# Windy on East Bay!



## phrito (May 9, 2017)

Went out about 6:30-11:30am today out of Stingaree. Wind was about 20mph it seemed. Fished reefs headed West and only caught 2, pig pens looked promising but nada. Tried gulp shrimp on jig head, too water plug and DOA shrimp on popping cork. Caught both on the later. I'm pretty new at all this so wondering if I was barking up the wrong tree or just need more practice. Ran ICW from Seivers to Singaree and saw quiet a few people fishing the grass. I didn't have any live bait and that's what it looked like they were doing so I motored on. Was tempted to even go in canals and try my luck but was running out of time. All in all though a fun safe trip and always learn something new every time! Stay safe this weekend and tight lines!


----------



## jigfisher (Jun 15, 2011)

I haven't been in a couple of weeks because of wind or storms. Sounds like you were doing what supposed to although I'd have tried the grass also, just not amongst the others live bait or not. 
What'd the waters look like?


----------



## Snaggletoothfrecklefish (Jul 11, 2016)

Sounds like you made the same trail I did on Friday. Only picked up one trout in that chocolate milk. West wind is no bueno!


----------



## Salty_UH (Feb 15, 2017)

went sunday......croaker soaking

hog pens had mud so thick it was like oil

fished seivers, stingaree and little elmgrove, ended with half dozen trout and a nice flounder from elmgrove


----------



## phrito (May 9, 2017)

jigfisher said:


> I haven't been in a couple of weeks because of wind or storms. Sounds like you were doing what supposed to although I'd have tried the grass also, just not amongst the others live bait or not.
> What'd the waters look like?


To me it looked like the water was very stirred up and milky. Couldn't even see a few feet. I'm new to all this so I'm not sure I've seen it on a good day! I briefly tried the grass in the ICW on Sunday evening (30 mins or so) but it was getting dark and a storm was coming in so I couldn't hang around long. I took my nephew out Sunday and we caught a few trout plus he caught a pretty good size gaftop. It was slimy but he had a blast fighting with it!


----------



## phrito (May 9, 2017)

Salty_UH said:


> went sunday......croaker soaking
> 
> hog pens had mud so thick it was like oil
> 
> fished seivers, stingaree and little elmgrove, ended with half dozen trout and a nice flounder from elmgrove


That's great, I didn't get to Elmgrove, guess I need to check my map and make sure I hit it up as well next time. Sunday was better, went in the evening. Wind was still pretty stout but much more manageable. Coming from a freshwater guy, that bay system is a whole new world. Lot of fun and I didn't see many boats and the ones I did see all kept their distance and seemed like everyone gave each other plenty of space. I kept hearing horror stories about the bays but maybe it was light this weekend. Also, if you've ever fished Rayburn or Fork in the spring, that's a lot of boats!


----------



## Salty_UH (Feb 15, 2017)

boat traffic was great, which means none until about 10am and then ALL the boats woke up!
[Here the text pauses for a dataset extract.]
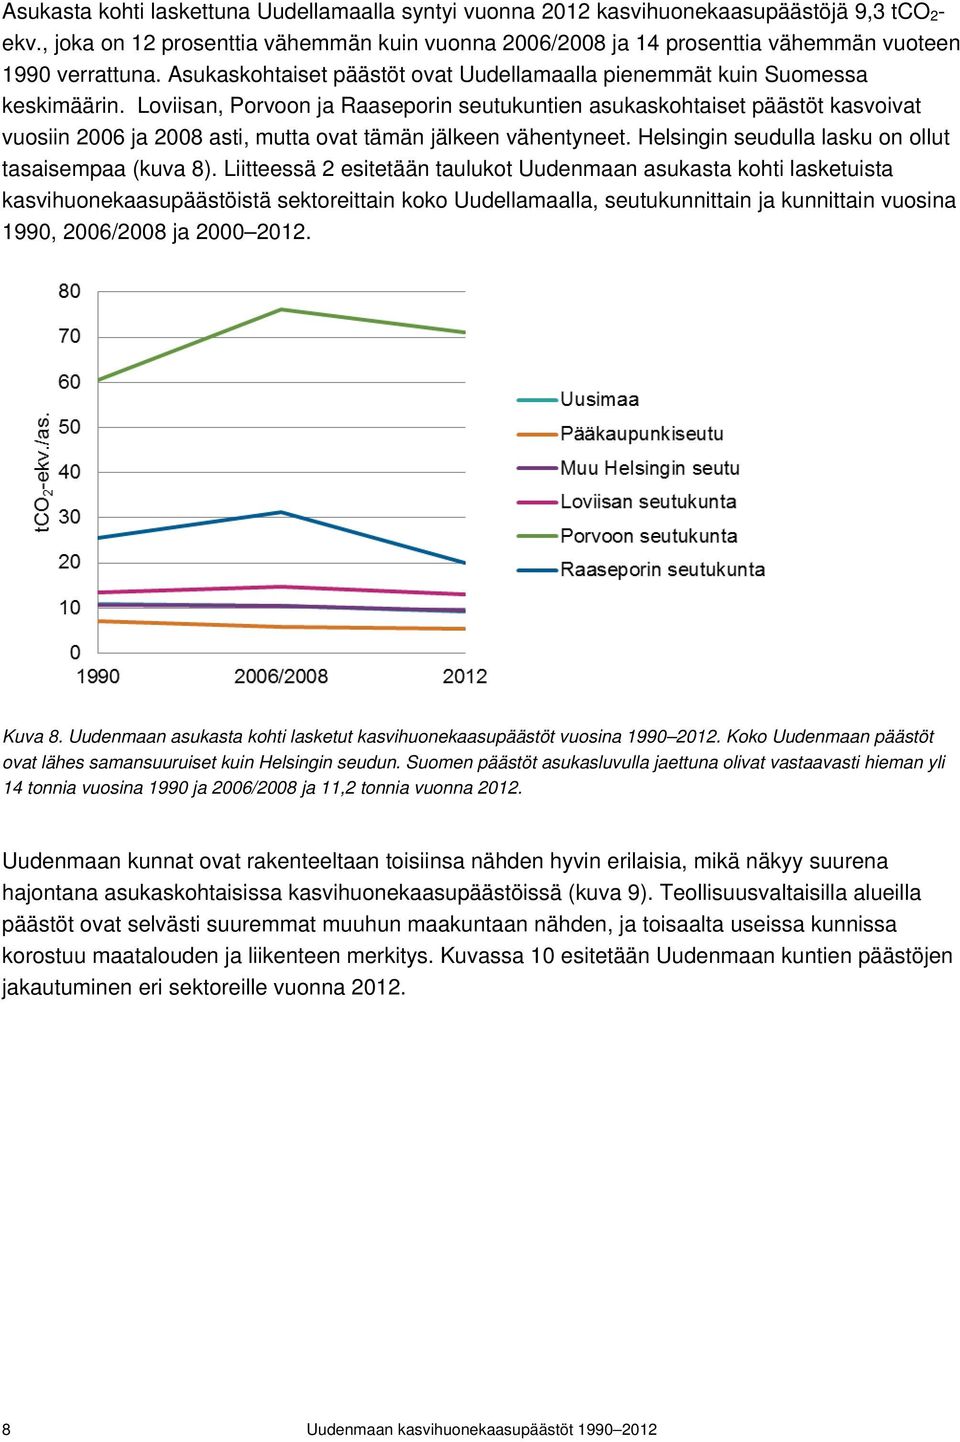 Loviisan, Porvoon ja Raaseporin seutukuntien asukaskohtaiset päästöt kasvoivat vuosiin 2006 ja 2008 asti, mutta ovat tämän jälkeen vähentyneet. Helsingin seudulla lasku on ollut tasaisempaa (kuva 8).
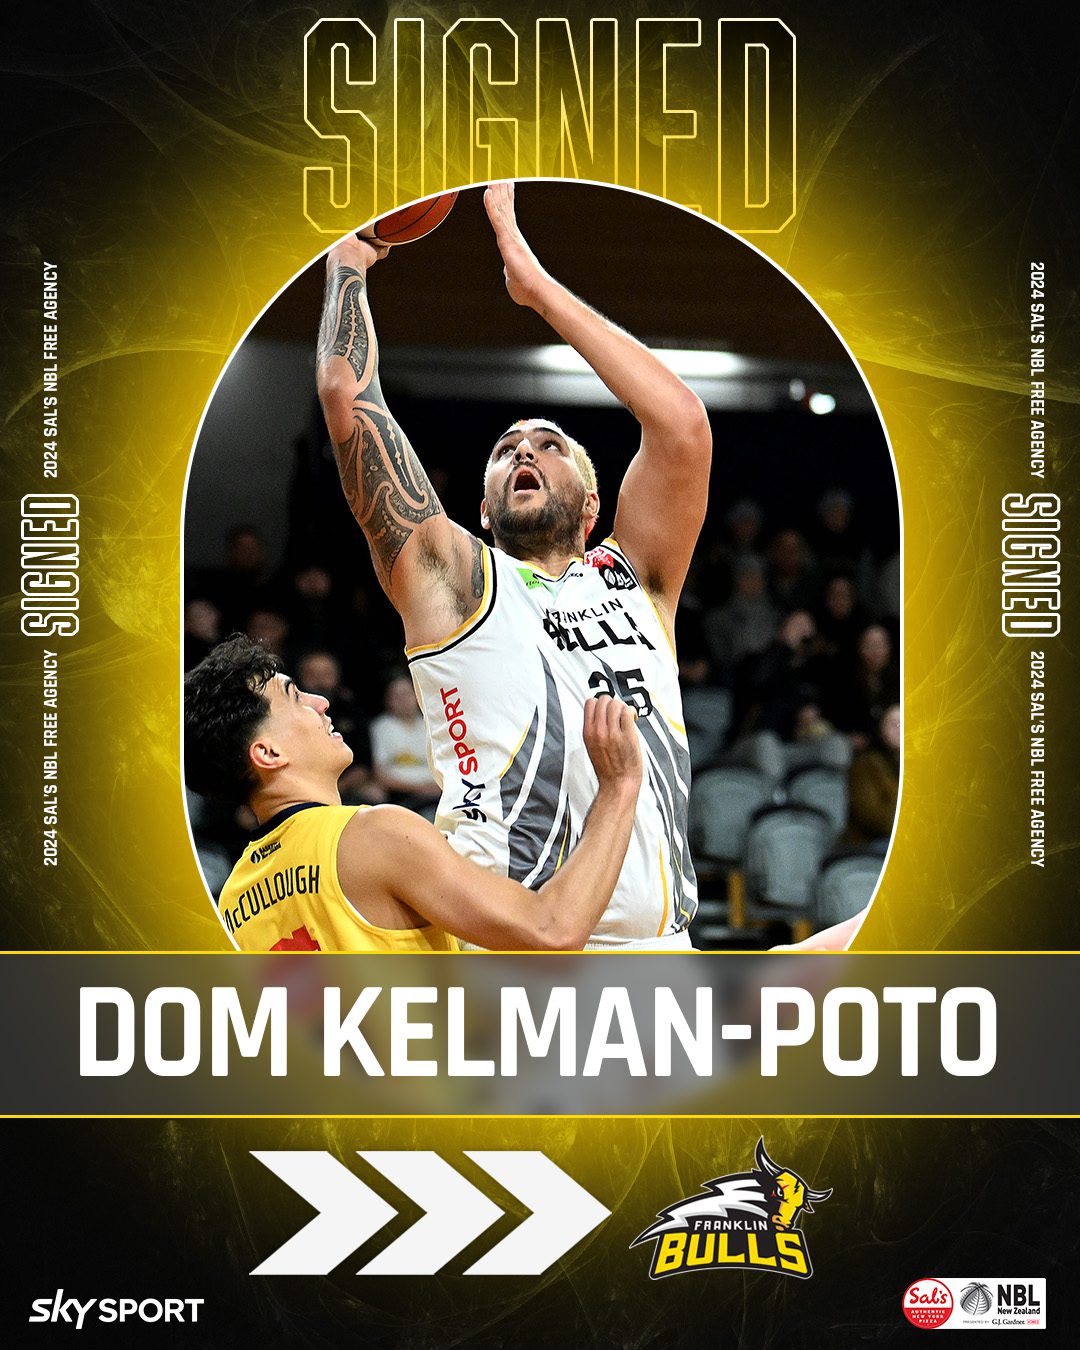 Dom Kelman-Poto

one tip phrito, as i am a wader, it is NEVER a good idea to run in-between a wader and the shore line....just does not make any **** sense

had a flat bottom boat run between my group of waders and the shoreline that was about 100 yds apart, one wader was mad the fishing was messed up for a while...I was happy the dumbarse at least saw us and did not run us over

the boat's response to use waving and hollerin' was "I'm in a boat!", thanks jackarse


----------



## Blk Jck 224 (Oct 16, 2009)

Salty_UH said:


> the boat's response to use waving and hollerin' was "I'm in a boat!", thanks jackarse


Friday afternoon I was drifting about 400 yards NW of the mouth of Yates...I got a bump and dropped the PP...This arse clown that had come out of Stingray motored 50 yards off my bow headed towards the bayou...He proceeded to tell me that he was in the 'Yates Channel' and asked me 'What do you want me to do go behind you?' (I was about 300-350 yards off the South shoreline)...Here's your sign...


----------



## phrito (May 9, 2017)

Salty_UH said:


> boat traffic was great, which means none until about 10am and then ALL the boats woke up!
> 
> one tip phrito, as i am a wader, it is NEVER a good idea to run in-between a wader and the shore line....just does not make any **** sense
> 
> ...


I have fished from a kayak and waded before so I definitely understand not to cut the shore from waders. And I like to give boats a good 100 yds of space unless they're sitting in the middle of a boat lane or this one guy looked like he was drift fishing the ICW so I moved over as far as I could but no promises on that one.


----------



## cobrasteven (May 1, 2017)

I agree w not blasting past ppl...the ones I don't understand r the ones that anchor in a channel... I don't wanna churn up mud so I have no choice but to get a rod length from ur boat...at least I go on the opposite side of their casting...


----------



## rdrew5762 (May 14, 2013)

Ok....i'm new to this area also. I've learned most of the "popular" spots, but what are the "Hog Pens"? I'm not asking for GPS info or where anyone's honey hole is.....just haven't heard that one yet.


----------



## phrito (May 9, 2017)

rdrew5762 said:


> Ok....i'm new to this area also. I've learned most of the "popular" spots, but what are the "Hog Pens"? I'm not asking for GPS info or where anyone's honey hole is.....just haven't heard that one yet.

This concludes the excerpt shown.